Steroids in baseball? Man, that's old news!

Everyone remembers where they were when Mark McGwire broke Roger Maris's single season home run record in 1998. That summer, Big Mac and Slammin Sammy Sosa brought the fans back to baseball in droves and made the sport relevant again. Very timely for a sport that had lost a significant portion of it's fan base when a labor dispute led to the cancellation of the 1996 World Series. That's right, a CANCELED World Series! Baseball had long been known as "The National Pastime", but many feel the NFL has stripped them of that title. The NFL has brilliantly marketed their product and through that, gave their players the same type of iconic status that baseball had given to Aaron, Ruth, and Mays. There was a changing of the guard. How could baseball keep up? More importantly, how could owners continue to make money? The answer was as simple as a universal truth: "Chicks dig the long ball".

The strike in 1996 was the catalyst for MLB owners to turn a blind eye to some obvious cheating. MLB's inability to police themselves caused this problem to grow exponentially. By the late 1990's the actual number of players on "the juice" grew by the week. Once players saw the country embrace the "Chase for History" in Summer of 98, why wouldn't they feel like it was acceptable and even necessary. But I'm not sure if they (MLB owners and the Commissioner) wouldn't do just a few things differently if they had another chance. The fall-out from this era can be felt on nightly broadcasts of Sportscenter and on sports talk-radio all over the country. It became obvious to anyone with common sense that the games biggest stars had cheated.
So what did MLB lose by turning a blind eye to 'roids for the sake of filling seats? Well for starters, the record book is now a joke. The most hallowed records in the game, the single season home run mark and the all-time home run mark, now belong to an accused and federally indicted steroid user in Barry Bonds. You also had the Mitchell Report released in 2008 which led to Roger Clemens looking like a complete knucklehead on Capitol Hill. He was literally lying through his teeth. The biggest names in the game made this list. Bonds, Clemens, McGwire, Rafael Palmeiro, Sammy Sosa, and the most heart-breaking of all, Benito Santiago (OK not really). It's really hard to say who looked worse. Clemens straight up lying, McGwire not wanting to talk about the past, or Sammy Sosa's sudden need for the help of an interpreter.

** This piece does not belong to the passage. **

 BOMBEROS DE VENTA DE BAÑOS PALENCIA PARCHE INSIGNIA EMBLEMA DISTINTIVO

If you think that the owners and the MLB front office, including commissioner Bud Selig weren't aware this was happening, you are delusional. Typically people don't put on 40 or 50 lbs of muscle mass in their late thirties. Now keep in mind, this problem goes back even before Canseco and McGwire were hanging out in the late 80's, injecting each other in a dingy bathroom stall at the Oakland Coliseum. Steroids have always been around, but it didn't hit mainstream acceptability in baseball until the mid-nineties. Bottom line is we will never know how many players actually took juice. However, with no testing in place for so long and the acceptance of 'roids in the culture of baseball, the numbers may be staggering. Mr. Rat, Jose Canseco puts that number at around 75% in the "Golden Age of Steroids".

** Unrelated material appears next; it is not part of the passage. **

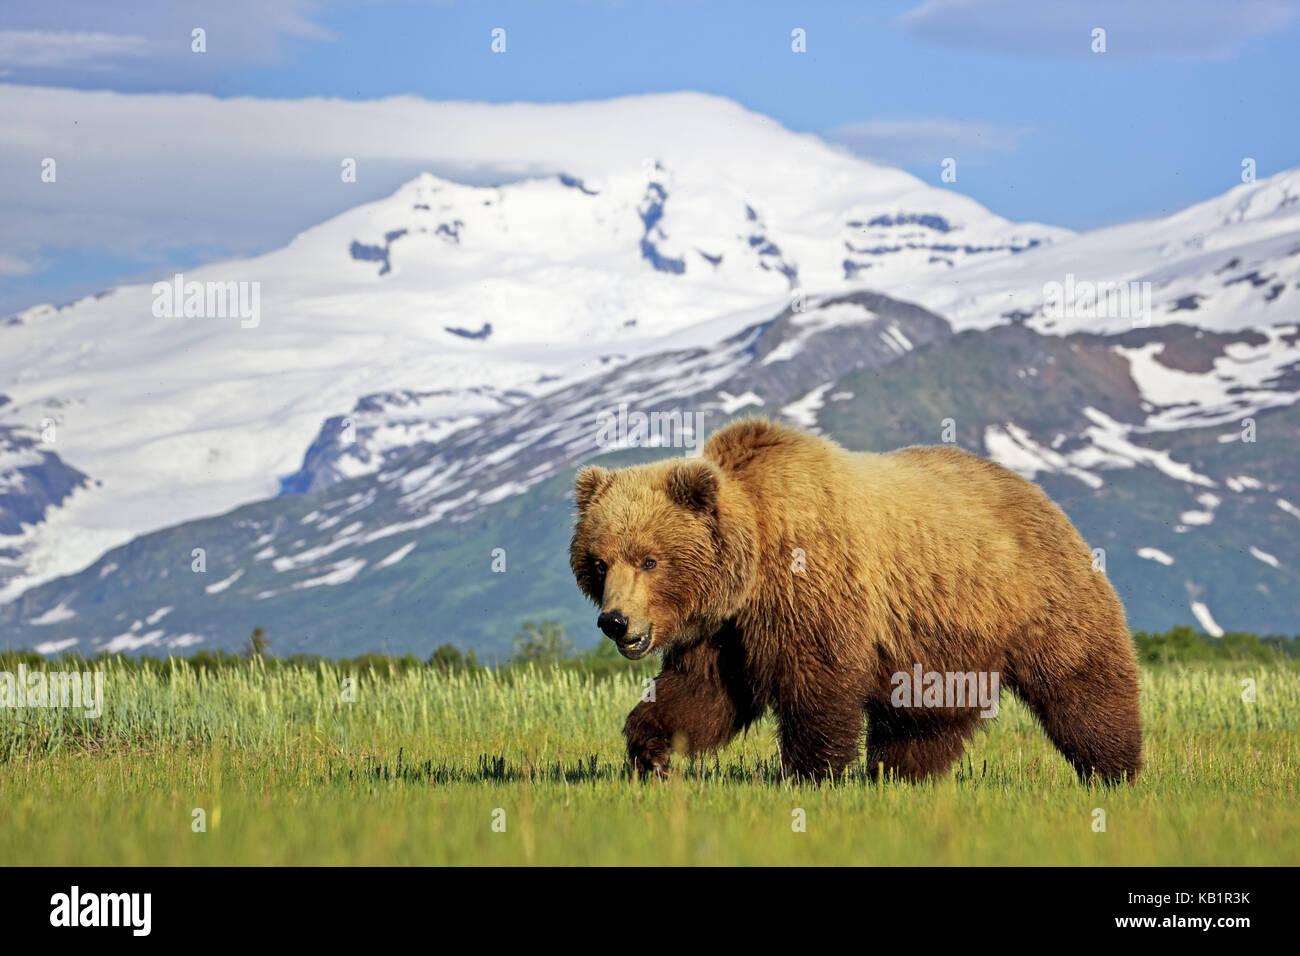 Amérique du Nord, les États-Unis, l'Alaska, katmai national park, bonjour, bay, l'ours brun, Ursus Photo Stock

When it was reported earlier this month that Sammy Sosa tested positive for juice in 2003, it was framed on ESPN as "breaking news". Hardly. Baseball won't be able to put this behind them anytime soon and the owners and Bud Selig have themselves to blame. They sacrificed integrity to put butts in seats and make some cash. And as long as baseball icons like Manny Ramierez keep testing positive for juice, this problem isn't going away. What about the record book? What about the Hall of Fame eligibility of accused steroid users? Bud Selig would be well served to make some kind of ruling on this, however controversial. It would appear if it is left to the Sports Writers, if you are presumed dirty, you aren't going to the HOF. Just ask Big Mac. Once Barry Bonds "officially" retires, he and Clemens will be on the clock counting down to when they become eligible for the HOF. Once thought to be HOF locks, they now appear to be long-shots. Hey Commish, rap your arms around this thing. You made your bed, now lie in it. Bottom line, if the media insists on revealing steroid users one at a time, this is going to be an even longer process. Won't that be exiting! Not really.